(Records provided Opens)

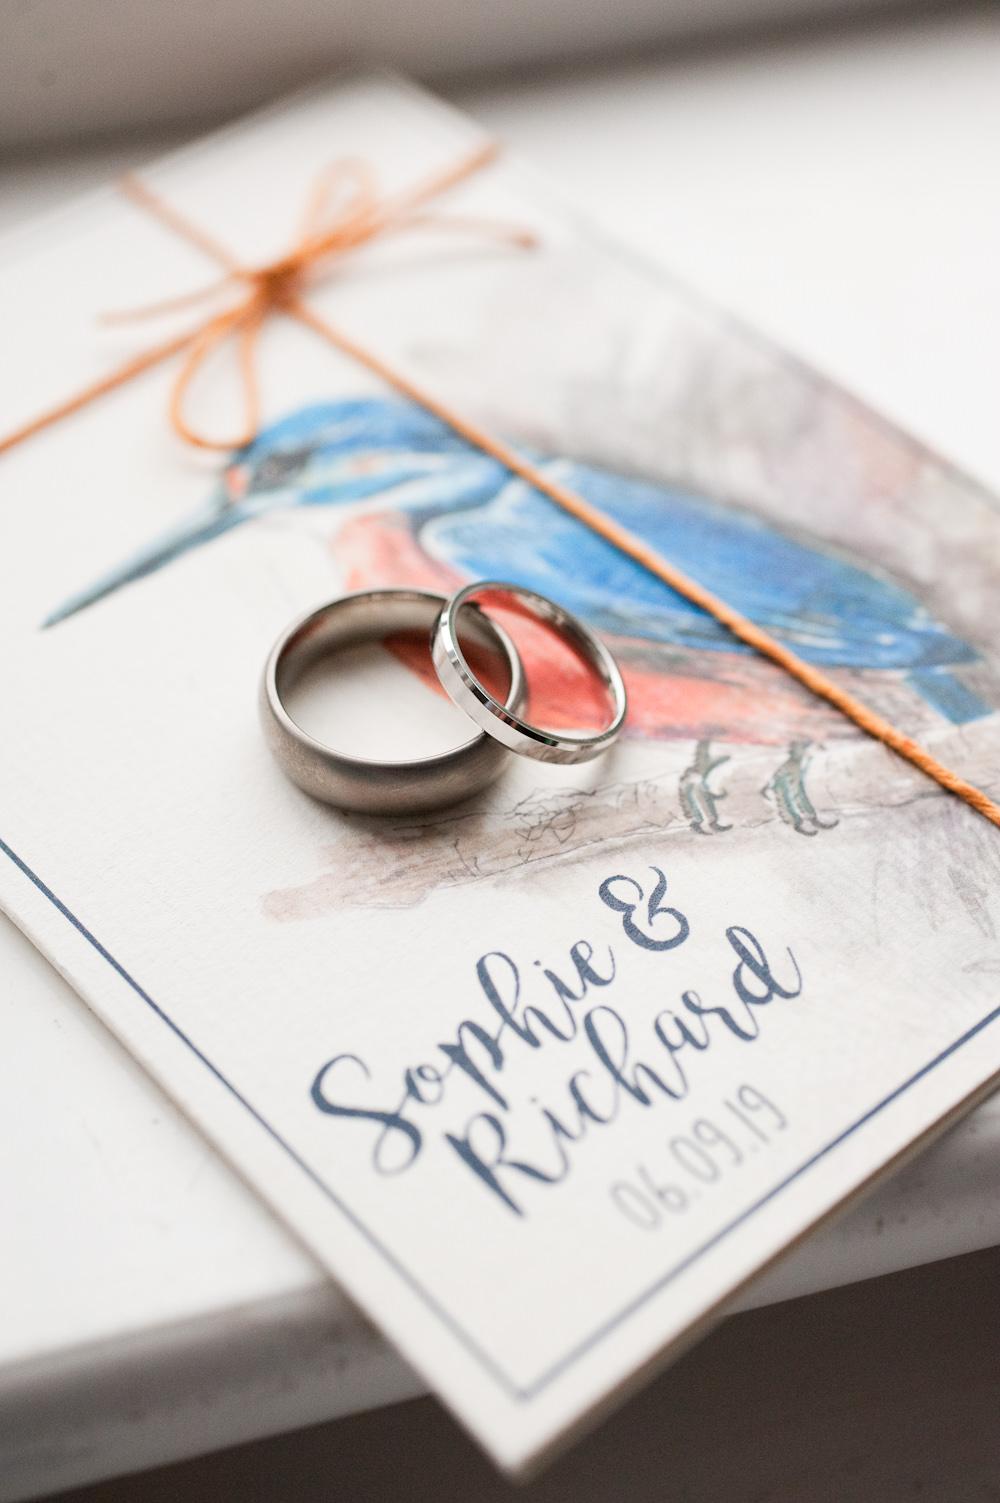 Floral Wedding Rachael Connerton Photography Bird Stationery Invite Invitation Rings
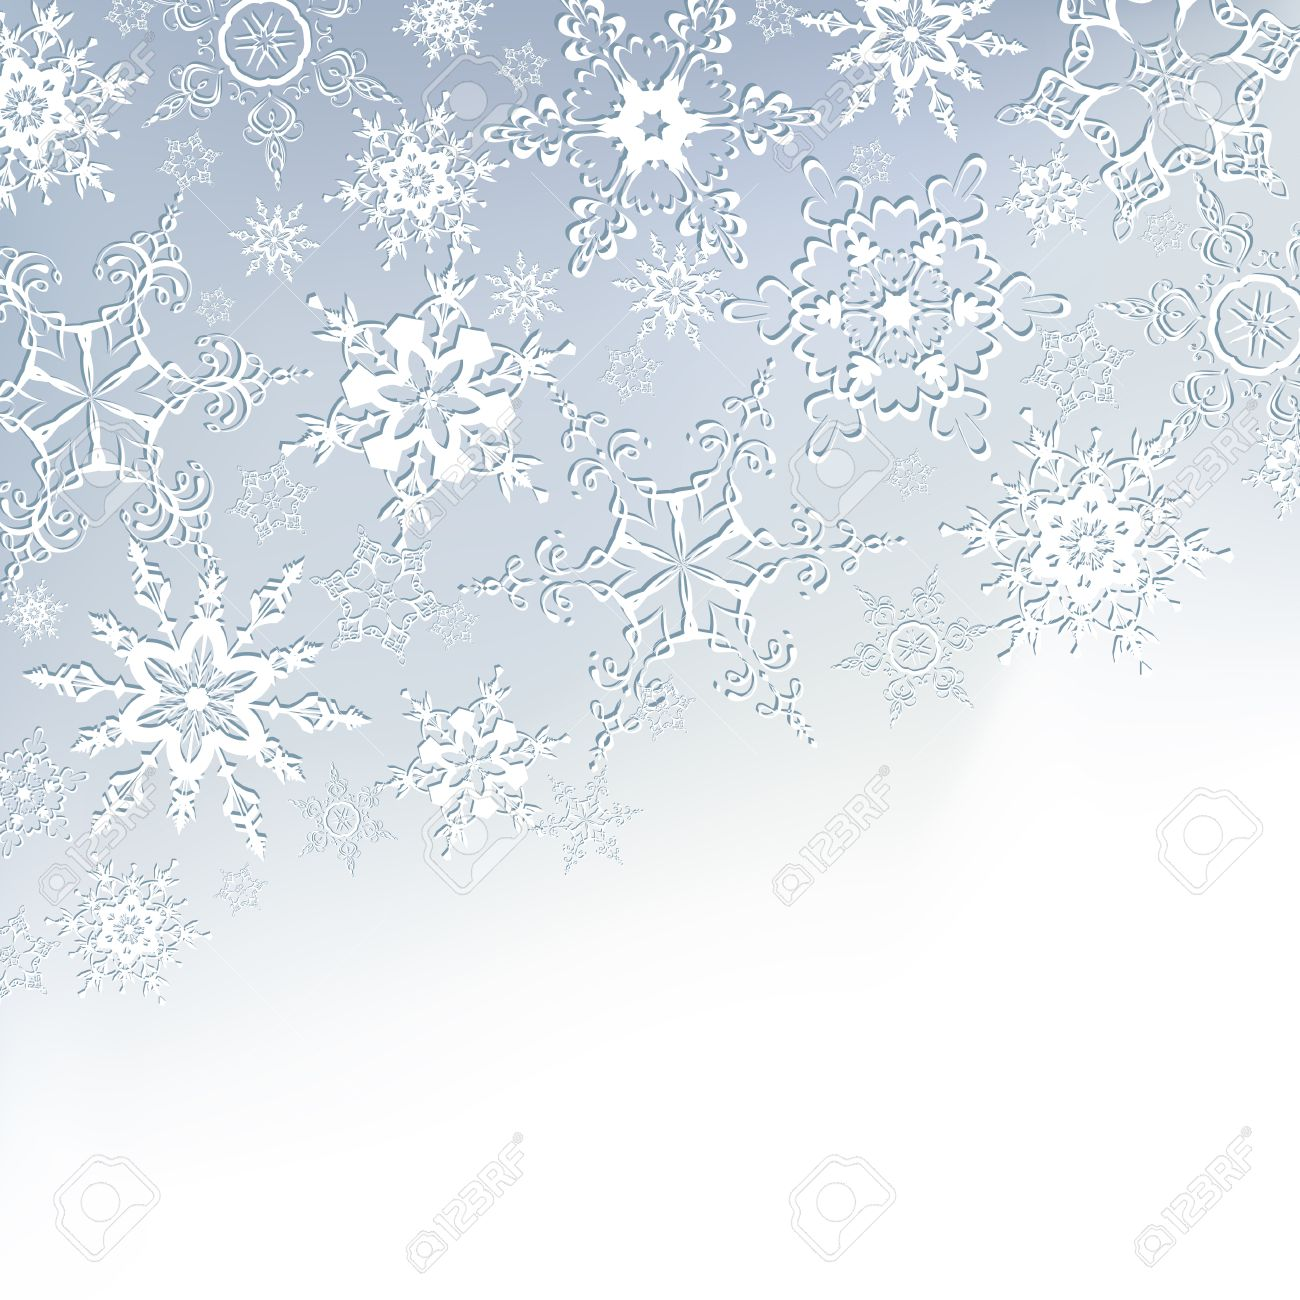 White Christmas Snowflake Backgrounds
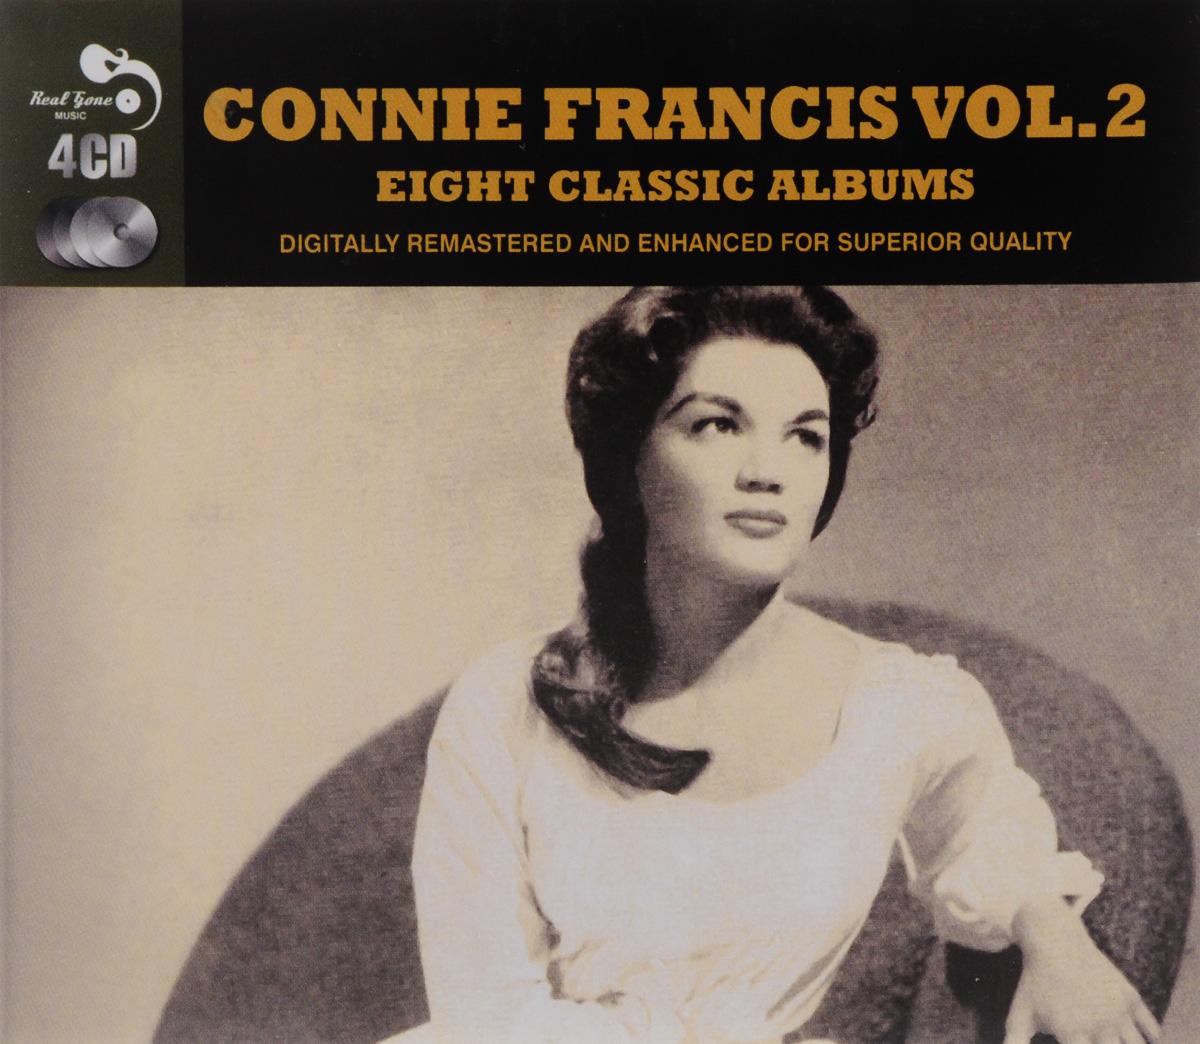 Конни Фрэнсис Connie Francis. 8 Classic Albums Volume 2 (4 CD) roxy music roxy music the studio albums limited edition 8 lp
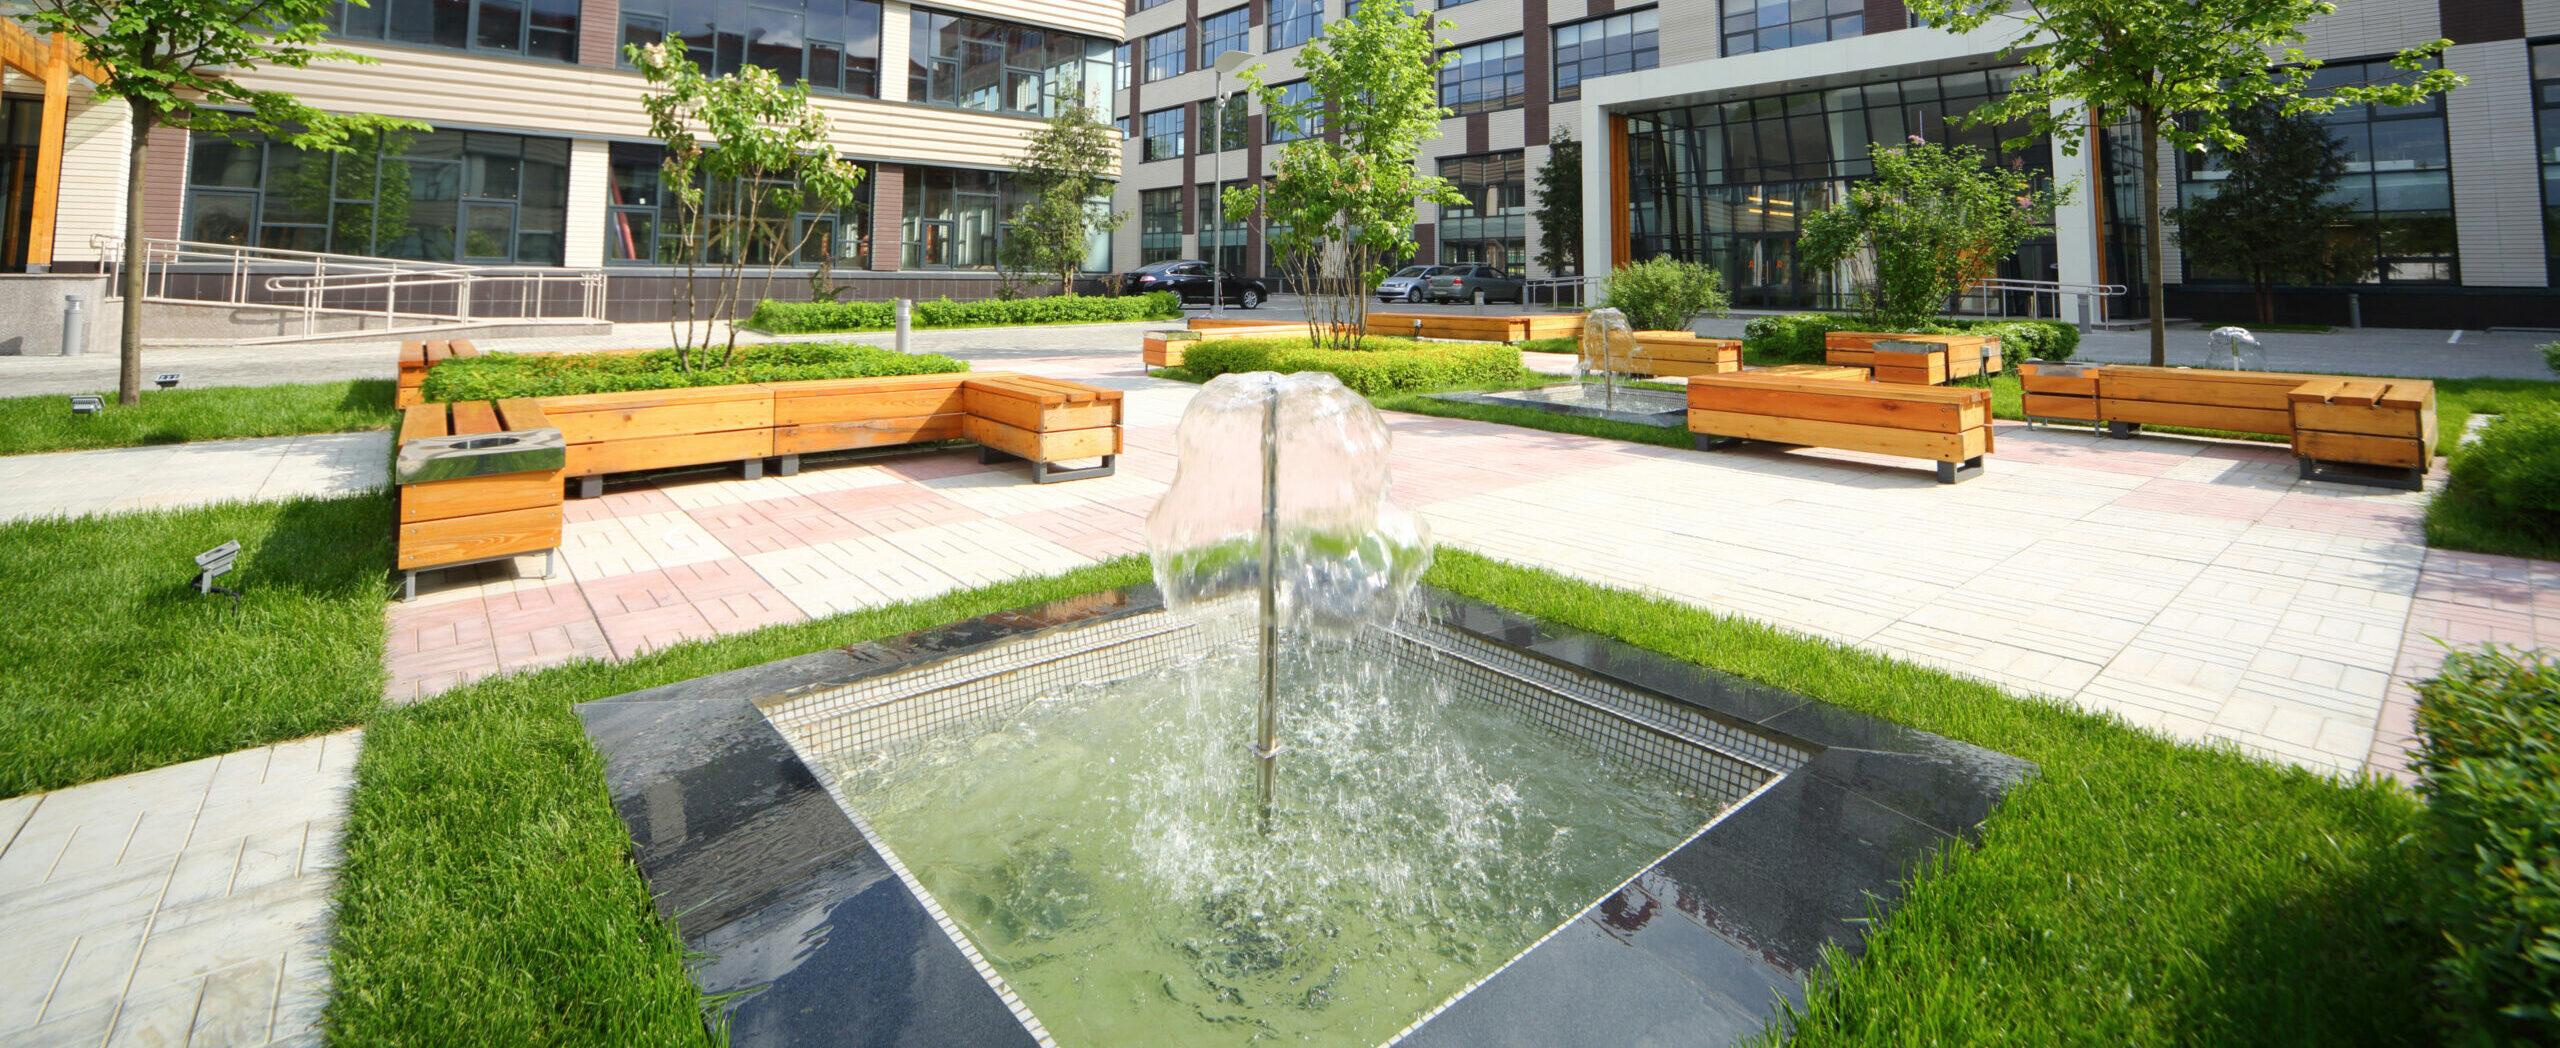 Outdoor estates compliance efficient single contractor
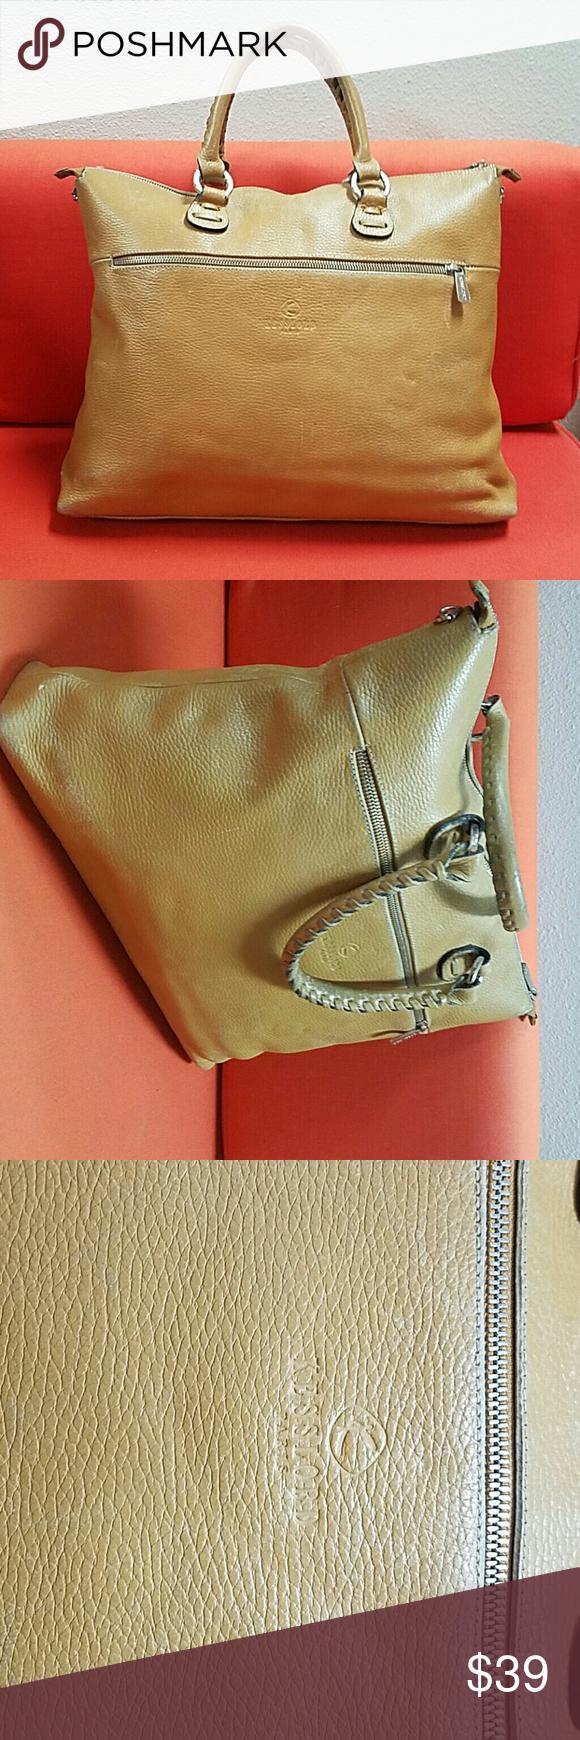 Kesslord Paris France Pebbled Leather Handbag Vtg Made In Large Deluxe Top Handle Bag
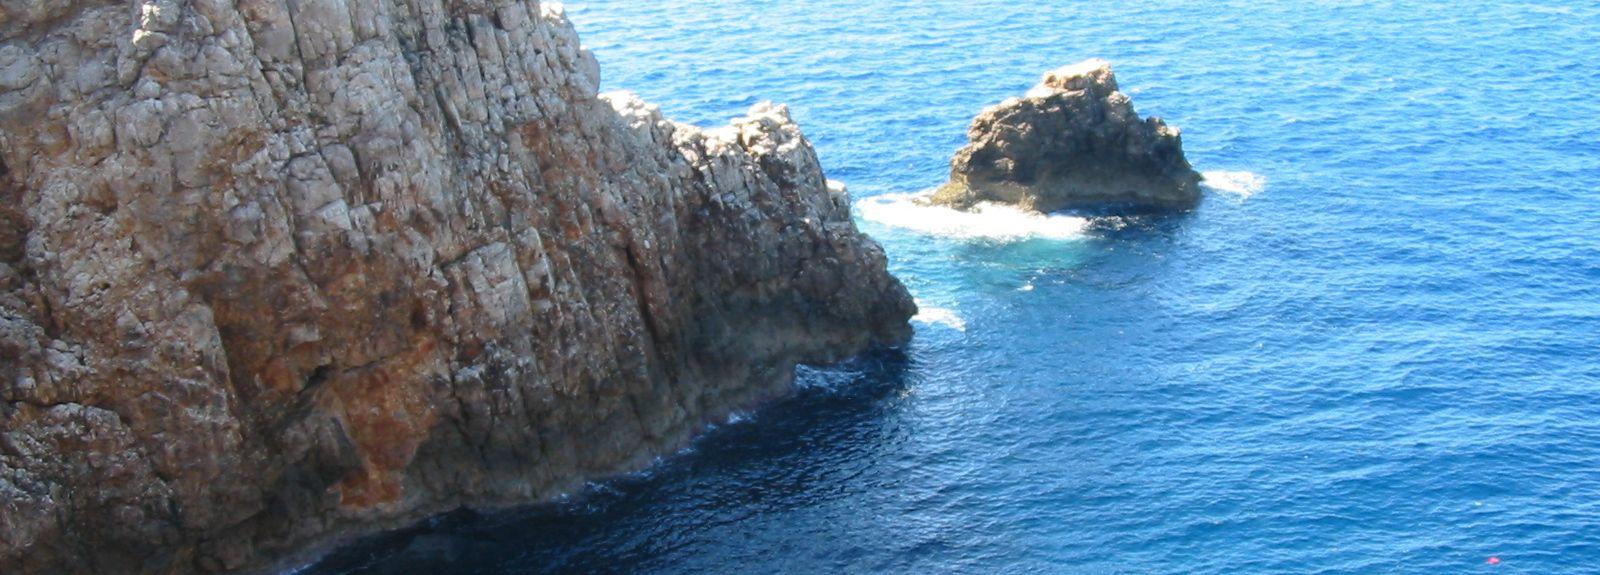 Cala en Brut, Balearic Islands, Spain

(Records provided Closes)

(Work item): The listing above should be repeated word for word, pictures removed.

(Response to this task):
 Floral Wedding Rachael Connerton Photography Bird Stationery Invite Invitation Rings
 White Christmas Snowflake Backgrounds
 Конни Фрэнсис Connie Francis. 8 Classic Albums Volume 2 (4 CD) roxy music roxy music the studio albums limited edition 8 lp
 Outdoor estates compliance efficient single contractor
 Kesslord Paris France Pebbled Leather Handbag Vtg Made In Large Deluxe Top Handle Bag
 Cala en Brut, Balearic Islands, Spain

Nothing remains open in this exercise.